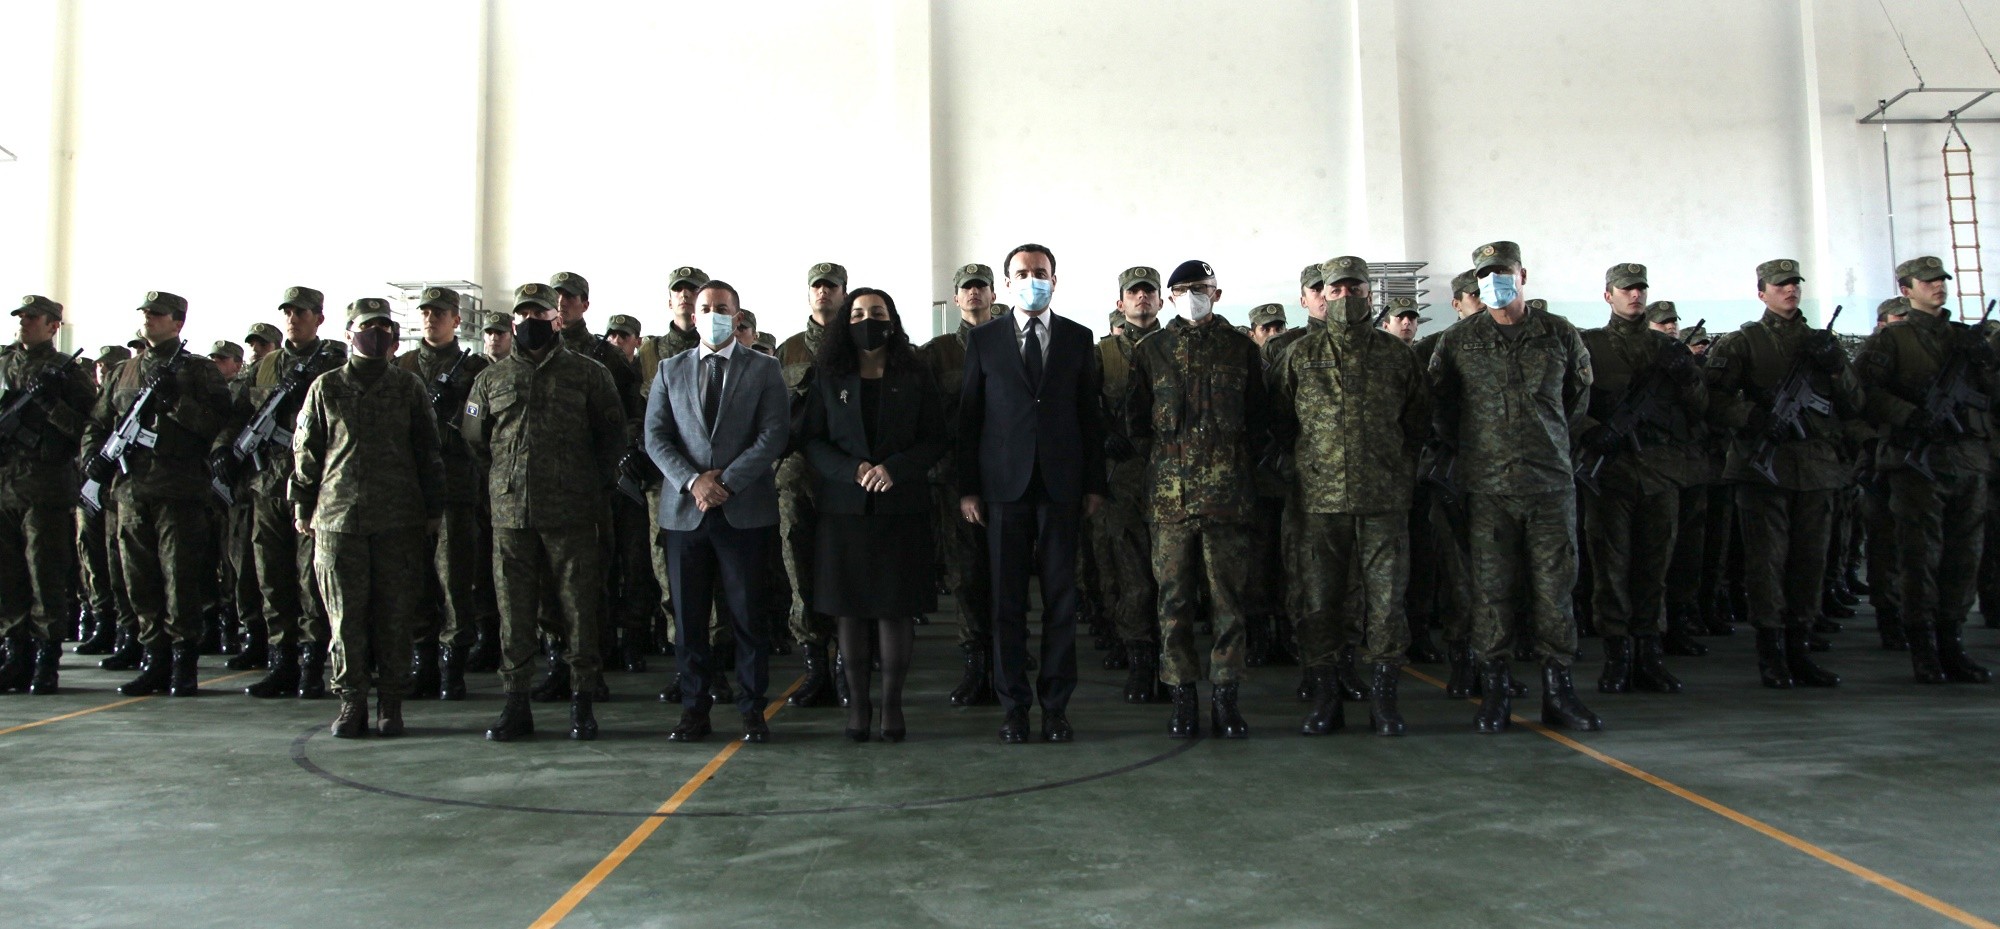 Forcës së Sigurisë së Kosovës sot i janë shtuar edhe 190 rekrutë të rinj
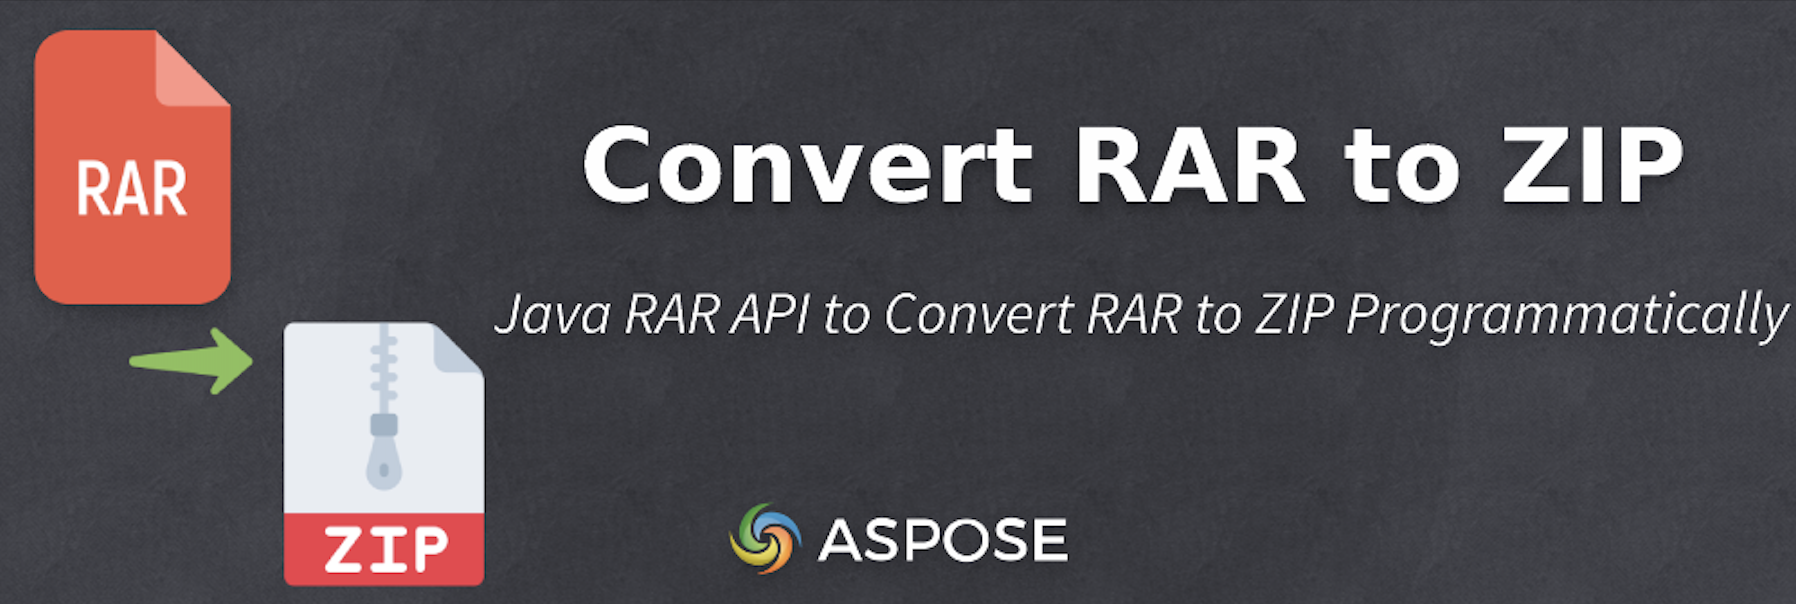 Converter RAR em ZIP em Java - Java RAR API
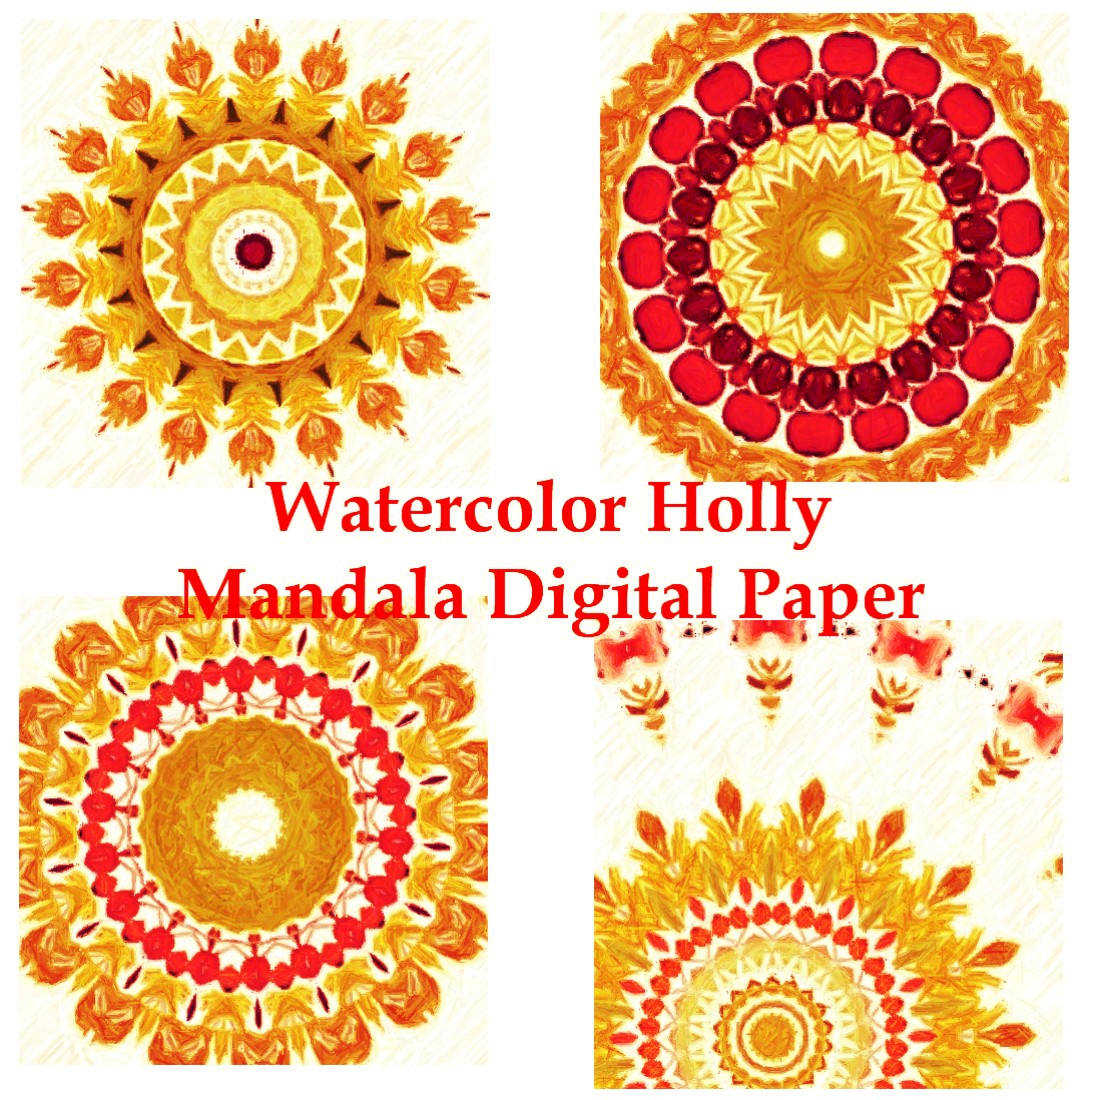 Watercolor Holly Mandala Digital Paper cover image.
________________
--- Exercise ---
Give the listing again word for word, but drop every picture.

--- Solution to this problem ---
 Forcës së Sigurisë së Kosovës sot i janë shtuar edhe 190 rekrutë të rinj
 Converter RAR em ZIP em Java - Java RAR API
 Watercolor Holly Mandala Digital Paper cover image.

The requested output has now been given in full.